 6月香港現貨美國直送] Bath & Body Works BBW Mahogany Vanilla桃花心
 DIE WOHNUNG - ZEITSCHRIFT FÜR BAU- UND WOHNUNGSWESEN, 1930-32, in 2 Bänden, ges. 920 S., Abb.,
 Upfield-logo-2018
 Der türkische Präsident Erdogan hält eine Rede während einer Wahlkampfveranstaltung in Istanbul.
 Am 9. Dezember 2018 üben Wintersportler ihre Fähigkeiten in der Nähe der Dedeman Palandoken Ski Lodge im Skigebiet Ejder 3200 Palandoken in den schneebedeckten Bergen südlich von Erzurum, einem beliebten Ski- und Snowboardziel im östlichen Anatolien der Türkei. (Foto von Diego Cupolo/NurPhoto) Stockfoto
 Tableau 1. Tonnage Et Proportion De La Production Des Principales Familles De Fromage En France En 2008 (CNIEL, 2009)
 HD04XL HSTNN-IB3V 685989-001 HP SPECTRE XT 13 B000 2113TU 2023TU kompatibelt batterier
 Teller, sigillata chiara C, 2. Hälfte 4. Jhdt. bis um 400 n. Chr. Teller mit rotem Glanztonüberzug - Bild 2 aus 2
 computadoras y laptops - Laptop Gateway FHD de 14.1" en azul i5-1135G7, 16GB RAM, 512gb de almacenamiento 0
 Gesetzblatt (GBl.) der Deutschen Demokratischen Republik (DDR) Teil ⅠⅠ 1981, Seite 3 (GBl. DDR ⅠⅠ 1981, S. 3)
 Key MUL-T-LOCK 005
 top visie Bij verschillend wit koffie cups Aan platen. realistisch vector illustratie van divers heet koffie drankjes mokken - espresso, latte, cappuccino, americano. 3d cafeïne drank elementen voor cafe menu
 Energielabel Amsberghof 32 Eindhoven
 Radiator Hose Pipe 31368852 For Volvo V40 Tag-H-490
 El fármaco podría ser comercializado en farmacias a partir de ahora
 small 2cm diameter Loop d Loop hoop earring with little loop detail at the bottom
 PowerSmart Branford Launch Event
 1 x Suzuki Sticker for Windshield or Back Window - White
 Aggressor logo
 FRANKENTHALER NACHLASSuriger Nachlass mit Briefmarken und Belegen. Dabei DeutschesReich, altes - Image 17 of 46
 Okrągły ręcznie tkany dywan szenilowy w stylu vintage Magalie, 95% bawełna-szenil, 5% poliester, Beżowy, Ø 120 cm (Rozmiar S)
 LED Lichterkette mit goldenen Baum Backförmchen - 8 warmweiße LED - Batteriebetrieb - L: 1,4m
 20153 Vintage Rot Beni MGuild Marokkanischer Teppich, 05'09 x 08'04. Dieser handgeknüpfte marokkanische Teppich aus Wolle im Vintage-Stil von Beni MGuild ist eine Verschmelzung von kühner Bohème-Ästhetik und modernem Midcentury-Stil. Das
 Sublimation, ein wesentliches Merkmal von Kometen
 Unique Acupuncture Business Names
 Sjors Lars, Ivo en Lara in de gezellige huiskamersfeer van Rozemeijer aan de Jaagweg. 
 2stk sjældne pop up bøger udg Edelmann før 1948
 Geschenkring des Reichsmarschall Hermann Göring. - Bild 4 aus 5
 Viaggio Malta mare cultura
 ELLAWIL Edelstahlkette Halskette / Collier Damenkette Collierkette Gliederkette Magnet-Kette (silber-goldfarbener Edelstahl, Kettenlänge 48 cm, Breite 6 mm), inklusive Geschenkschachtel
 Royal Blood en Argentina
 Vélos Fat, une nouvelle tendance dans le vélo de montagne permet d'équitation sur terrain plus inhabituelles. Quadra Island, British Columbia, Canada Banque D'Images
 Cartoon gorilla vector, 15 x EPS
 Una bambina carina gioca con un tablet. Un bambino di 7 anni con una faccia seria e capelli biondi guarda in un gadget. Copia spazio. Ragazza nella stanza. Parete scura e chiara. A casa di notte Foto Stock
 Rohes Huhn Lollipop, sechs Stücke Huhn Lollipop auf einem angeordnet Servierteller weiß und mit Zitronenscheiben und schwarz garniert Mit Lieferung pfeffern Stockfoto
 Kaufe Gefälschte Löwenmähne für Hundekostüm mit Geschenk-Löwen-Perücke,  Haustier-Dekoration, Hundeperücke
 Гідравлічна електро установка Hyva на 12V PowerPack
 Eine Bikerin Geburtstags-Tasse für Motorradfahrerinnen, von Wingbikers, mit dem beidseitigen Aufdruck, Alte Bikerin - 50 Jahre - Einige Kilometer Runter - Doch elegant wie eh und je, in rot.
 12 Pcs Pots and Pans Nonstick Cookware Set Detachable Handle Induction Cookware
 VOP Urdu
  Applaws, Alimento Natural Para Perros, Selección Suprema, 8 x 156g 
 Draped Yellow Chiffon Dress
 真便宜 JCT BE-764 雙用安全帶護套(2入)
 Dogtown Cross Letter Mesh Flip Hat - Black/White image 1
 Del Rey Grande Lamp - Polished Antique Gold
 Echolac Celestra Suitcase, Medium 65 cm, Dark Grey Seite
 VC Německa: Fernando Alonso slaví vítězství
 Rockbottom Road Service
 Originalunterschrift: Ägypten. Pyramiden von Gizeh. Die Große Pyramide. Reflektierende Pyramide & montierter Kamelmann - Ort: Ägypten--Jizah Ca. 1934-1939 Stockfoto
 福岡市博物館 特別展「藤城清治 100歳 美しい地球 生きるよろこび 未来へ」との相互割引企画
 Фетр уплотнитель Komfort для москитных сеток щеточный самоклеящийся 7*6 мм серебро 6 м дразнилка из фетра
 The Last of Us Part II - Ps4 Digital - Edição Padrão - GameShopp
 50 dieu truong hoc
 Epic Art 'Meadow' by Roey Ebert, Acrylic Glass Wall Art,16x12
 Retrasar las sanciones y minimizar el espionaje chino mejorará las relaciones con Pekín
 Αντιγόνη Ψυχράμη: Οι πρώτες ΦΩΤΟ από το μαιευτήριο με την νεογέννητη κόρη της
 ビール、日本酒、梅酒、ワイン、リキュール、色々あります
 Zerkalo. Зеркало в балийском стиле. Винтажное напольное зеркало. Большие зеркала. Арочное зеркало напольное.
________
> **WHAT IS NEEDED**: The answer must be the full listing, repeated word for word.

> **RESPONSE AREA**:
 6月香港現貨美國直送] Bath & Body Works BBW Mahogany Vanilla桃花心
 DIE WOHNUNG - ZEITSCHRIFT FÜR BAU- UND WOHNUNGSWESEN, 1930-32, in 2 Bänden, ges. 920 S., Abb.,
 Upfield-logo-2018
 Der türkische Präsident Erdogan hält eine Rede während einer Wahlkampfveranstaltung in Istanbul.
 Am 9. Dezember 2018 üben Wintersportler ihre Fähigkeiten in der Nähe der Dedeman Palandoken Ski Lodge im Skigebiet Ejder 3200 Palandoken in den schneebedeckten Bergen südlich von Erzurum, einem beliebten Ski- und Snowboardziel im östlichen Anatolien der Türkei. (Foto von Diego Cupolo/NurPhoto) Stockfoto
 Tableau 1. Tonnage Et Proportion De La Production Des Principales Familles De Fromage En France En 2008 (CNIEL, 2009)
 HD04XL HSTNN-IB3V 685989-001 HP SPECTRE XT 13 B000 2113TU 2023TU kompatibelt batterier
 Teller, sigillata chiara C, 2. Hälfte 4. Jhdt. bis um 400 n. Chr. Teller mit rotem Glanztonüberzug - Bild 2 aus 2
 computadoras y laptops - Laptop Gateway FHD de 14.1" en azul i5-1135G7, 16GB RAM, 512gb de almacenamiento 0
 Gesetzblatt (GBl.) der Deutschen Demokratischen Republik (DDR) Teil ⅠⅠ 1981, Seite 3 (GBl. DDR ⅠⅠ 1981, S. 3)
 Key MUL-T-LOCK 005
 top visie Bij verschillend wit koffie cups Aan platen. realistisch vector illustratie van divers heet koffie drankjes mokken - espresso, latte, cappuccino, americano. 3d cafeïne drank elementen voor cafe menu
 Energielabel Amsberghof 32 Eindhoven
 Radiator Hose Pipe 31368852 For Volvo V40 Tag-H-490
 El fármaco podría ser comercializado en farmacias a partir de ahora
 small 2cm diameter Loop d Loop hoop earring with little loop detail at the bottom
 PowerSmart Branford Launch Event
 1 x Suzuki Sticker for Windshield or Back Window - White
 Aggressor logo
 FRANKENTHALER NACHLASSuriger Nachlass mit Briefmarken und Belegen. Dabei DeutschesReich, altes - Image 17 of 46
 Okrągły ręcznie tkany dywan szenilowy w stylu vintage Magalie, 95% bawełna-szenil, 5% poliester, Beżowy, Ø 120 cm (Rozmiar S)
 LED Lichterkette mit goldenen Baum Backförmchen - 8 warmweiße LED - Batteriebetrieb - L: 1,4m
 20153 Vintage Rot Beni MGuild Marokkanischer Teppich, 05'09 x 08'04. Dieser handgeknüpfte marokkanische Teppich aus Wolle im Vintage-Stil von Beni MGuild ist eine Verschmelzung von kühner Bohème-Ästhetik und modernem Midcentury-Stil. Das
 Sublimation, ein wesentliches Merkmal von Kometen
 Unique Acupuncture Business Names
 Sjors Lars, Ivo en Lara in de gezellige huiskamersfeer van Rozemeijer aan de Jaagweg. 
 2stk sjældne pop up bøger udg Edelmann før 1948
 Geschenkring des Reichsmarschall Hermann Göring. - Bild 4 aus 5
 Viaggio Malta mare cultura
 ELLAWIL Edelstahlkette Halskette / Collier Damenkette Collierkette Gliederkette Magnet-Kette (silber-goldfarbener Edelstahl, Kettenlänge 48 cm, Breite 6 mm), inklusive Geschenkschachtel
 Royal Blood en Argentina
 Vélos Fat, une nouvelle tendance dans le vélo de montagne permet d'équitation sur terrain plus inhabituelles. Quadra Island, British Columbia, Canada Banque D'Images
 Cartoon gorilla vector, 15 x EPS
 Una bambina carina gioca con un tablet. Un bambino di 7 anni con una faccia seria e capelli biondi guarda in un gadget. Copia spazio. Ragazza nella stanza. Parete scura e chiara. A casa di notte Foto Stock
 Rohes Huhn Lollipop, sechs Stücke Huhn Lollipop auf einem angeordnet Servierteller weiß und mit Zitronenscheiben und schwarz garniert Mit Lieferung pfeffern Stockfoto
 Kaufe Gefälschte Löwenmähne für Hundekostüm mit Geschenk-Löwen-Perücke,  Haustier-Dekoration, Hundeperücke
 Гідравлічна електро установка Hyva на 12V PowerPack
 Eine Bikerin Geburtstags-Tasse für Motorradfahrerinnen, von Wingbikers, mit dem beidseitigen Aufdruck, Alte Bikerin - 50 Jahre - Einige Kilometer Runter - Doch elegant wie eh und je, in rot.
 12 Pcs Pots and Pans Nonstick Cookware Set Detachable Handle Induction Cookware
 VOP Urdu
  Applaws, Alimento Natural Para Perros, Selección Suprema, 8 x 156g 
 Draped Yellow Chiffon Dress
 真便宜 JCT BE-764 雙用安全帶護套(2入)
 Dogtown Cross Letter Mesh Flip Hat - Black/White image 1
 Del Rey Grande Lamp - Polished Antique Gold
 Echolac Celestra Suitcase, Medium 65 cm, Dark Grey Seite
 VC Německa: Fernando Alonso slaví vítězství
 Rockbottom Road Service
 Originalunterschrift: Ägypten. Pyramiden von Gizeh. Die Große Pyramide. Reflektierende Pyramide & montierter Kamelmann - Ort: Ägypten--Jizah Ca. 1934-1939 Stockfoto
 福岡市博物館 特別展「藤城清治 100歳 美しい地球 生きるよろこび 未来へ」との相互割引企画
 Фетр уплотнитель Komfort для москитных сеток щеточный самоклеящийся 7*6 мм серебро 6 м дразнилка из фетра
 The Last of Us Part II - Ps4 Digital - Edição Padrão - GameShopp
 50 dieu truong hoc
 Epic Art 'Meadow' by Roey Ebert, Acrylic Glass Wall Art,16x12
 Retrasar las sanciones y minimizar el espionaje chino mejorará las relaciones con Pekín
 Αντιγόνη Ψυχράμη: Οι πρώτες ΦΩΤΟ από το μαιευτήριο με την νεογέννητη κόρη της
 ビール、日本酒、梅酒、ワイン、リキュール、色々あります
 Zerkalo. Зеркало в балийском стиле. Винтажное напольное зеркало. Большие зеркала. Арочное зеркало напольное.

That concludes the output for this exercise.